Learning First Order Rules

A classic problem that requires first-order logic is learning concepts about nodes in a graph.

We can't set each linked node as an attribute, because how many attributes would there be? Not being able to use a fixed set of attributes means we need to learn connectivity concepts.

Representing Graph Concepts in First Order Logic

Can represent graph concepts as:

(1)
\begin{align} Ancestor(x, y) \leftarrow Parent(x,y) \end{align}

This representation is called Inductive Logic Programming.

Prolog is based on logic programming (Horn Clause subset).

Induction as Inverted Deduction

Induction is finding h such that

(2)
\begin{align} (\forall<x_i, f(x_i)> \in D) B \wedge h \wedge x_i \vdash f(x_i)) \end{align}
  • Where xi is the ith training instance
  • f(x_i) is the target function value for x_i
  • B is other background knowledge

Example

Relations between people, such that x<u,v> means that v is the x of u.

e.g.

(3)
\begin{equation} f(x_i): Child(Bob, Sharon) \end{equation}

Deductive Operators vs Inductive Operators

Deductive operators are functions like F:

(4)
\begin{align} F(A, B) = C \text{, where } A \wedge B \vdash C \end{align}

We need inductive operators like O:

(5)
\begin{align} O(B, D) = h \text{, where } (\forall<x_i, f(x_i)> \in D) B \wedge h \wedge x_i \vdash f(x_i)) \end{align}

Positives of Induction as Inverted Deduction

  • Subsumes earlier idea of finding h that “fits” training data
  • Domain theory B helps define meaning of “fit” the dat
  • Suggests algorithms that search H guided by B

Negatives of Induction as Inverted Deduction

  • Doesn't allow for noisy data
  • First order logic gives a huge hypothesis space H - makes it intractable to calculate all acceptable h's.

Resolution Rules

If we have a true clause:
C1 = "P or L"
then we can find any other true clause that has "not L" (e.g. C2 = "not L or R") and create following resolution that must be true:
C = "P or R"

Screen%20Shot%202012-04-17%20at%207.45.12%20PM.png

(Because if both the two are true then at least one of P and R must be true, as L and not L can't both be true).

Inverting Resolution

Taking the resolution and one clause and figuring out the other is easy:

Screen%20Shot%202012-04-17%20at%207.49.40%20PM.png

take C1 and C, and find the literal that occurs in C1 but not C
(e.g. C1 = "PassExam or not KnowMaterial", C = "PassExam or not Study" - literal would be not KnowMaterial).
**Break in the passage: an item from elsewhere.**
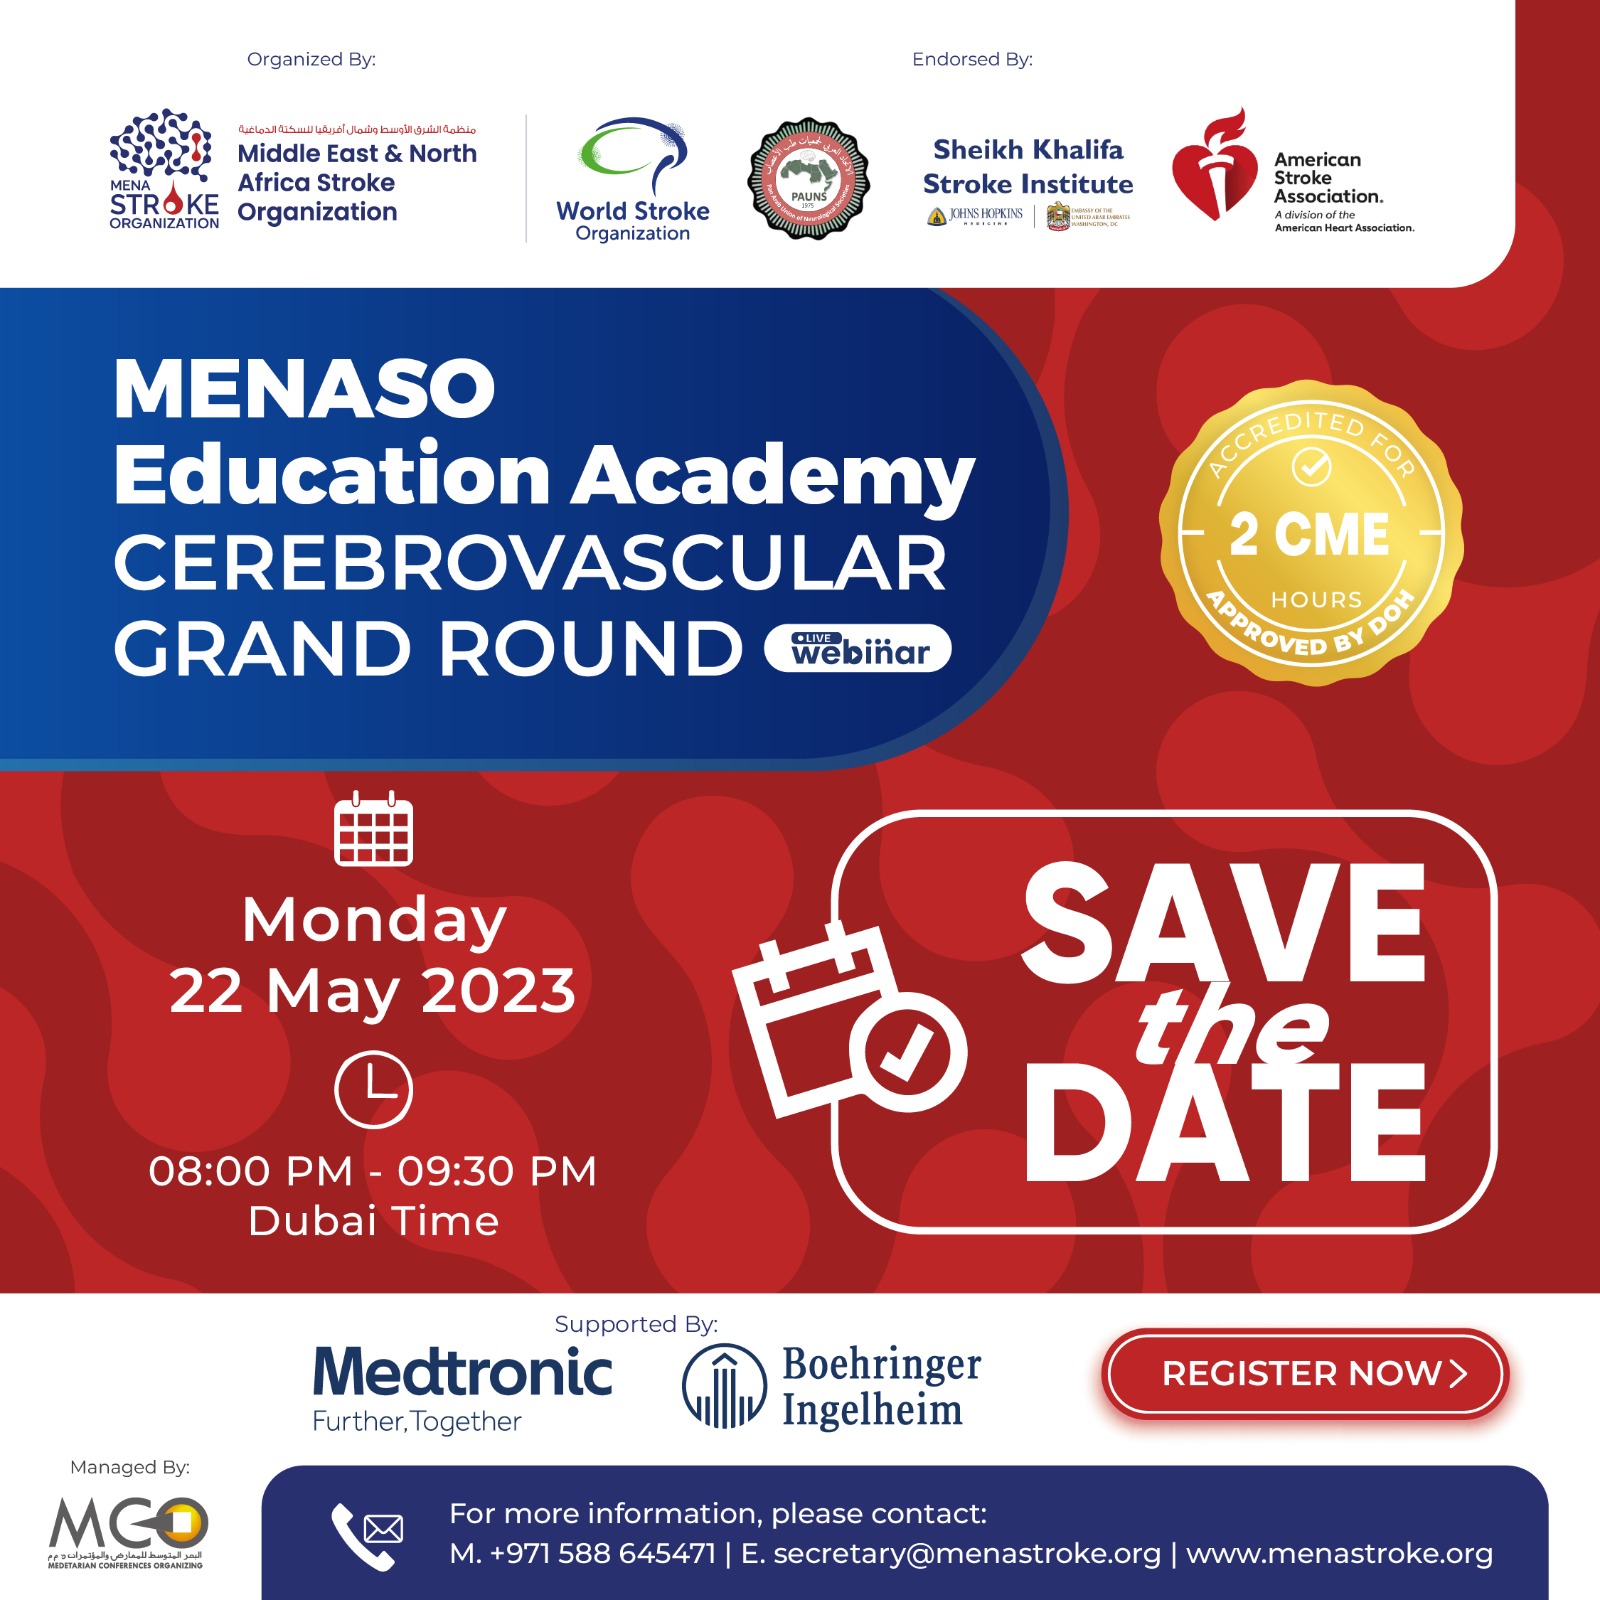 MENASO Education Academy Cerebrovascular Grand Round May 2023

Form C2 by taking the terms from C that aren't in the and of C1 and C, and adding "or not Literal" of the literal.
(e.g. C2 = "not Study or not not KnowMaterial" = "not Study or KnowMaterial").

Duce Operators

These are just ways of replacing terms with other equivalent terms.

I.e.
If we know that "A, B implies p" and "A, q implies p"
Then we can just say that "B implies q" and use "A, q implies p"

Screen%20Shot%202012-04-17%20at%207.54.42%20PM.png

First-Order Resolution

First order resolution is exactly the same as resolution, except that we find a substitution, $\theta$ that makes the literals in C1 and C2 the same (e.g. if we have study(a) and study(b) we might make theta be replace a with b).

(6)
\begin{align} C = (C_1 - {L-1})\theta \cup (C_2 - {L_2})\theta \end{align}

Inverting First-Order Resolution

We do the same thing as before - take C1 and C and try to find C2.
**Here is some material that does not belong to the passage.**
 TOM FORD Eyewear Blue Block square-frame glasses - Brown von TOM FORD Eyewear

So we take out the common terms from C1 and C, and then set C2 to be what's left in C or'd with the not of the literal in C1 but not in C. We also apply our theta transformation to make sure the literals are the same.

e.g. C1 = Father(Shannon, Tom) and C = GrandChild(Bob, x)
Hence C1's literal is Father(Shannon, Tom) and what's left of C is GrandChild(Bob,Shannon).
We hence set C2 to be GrandChild(Bob,Shannon) or not Father(Shannon, Tom)

We apply theta to replace the Shannon's in order to generalise them from literals to predicates.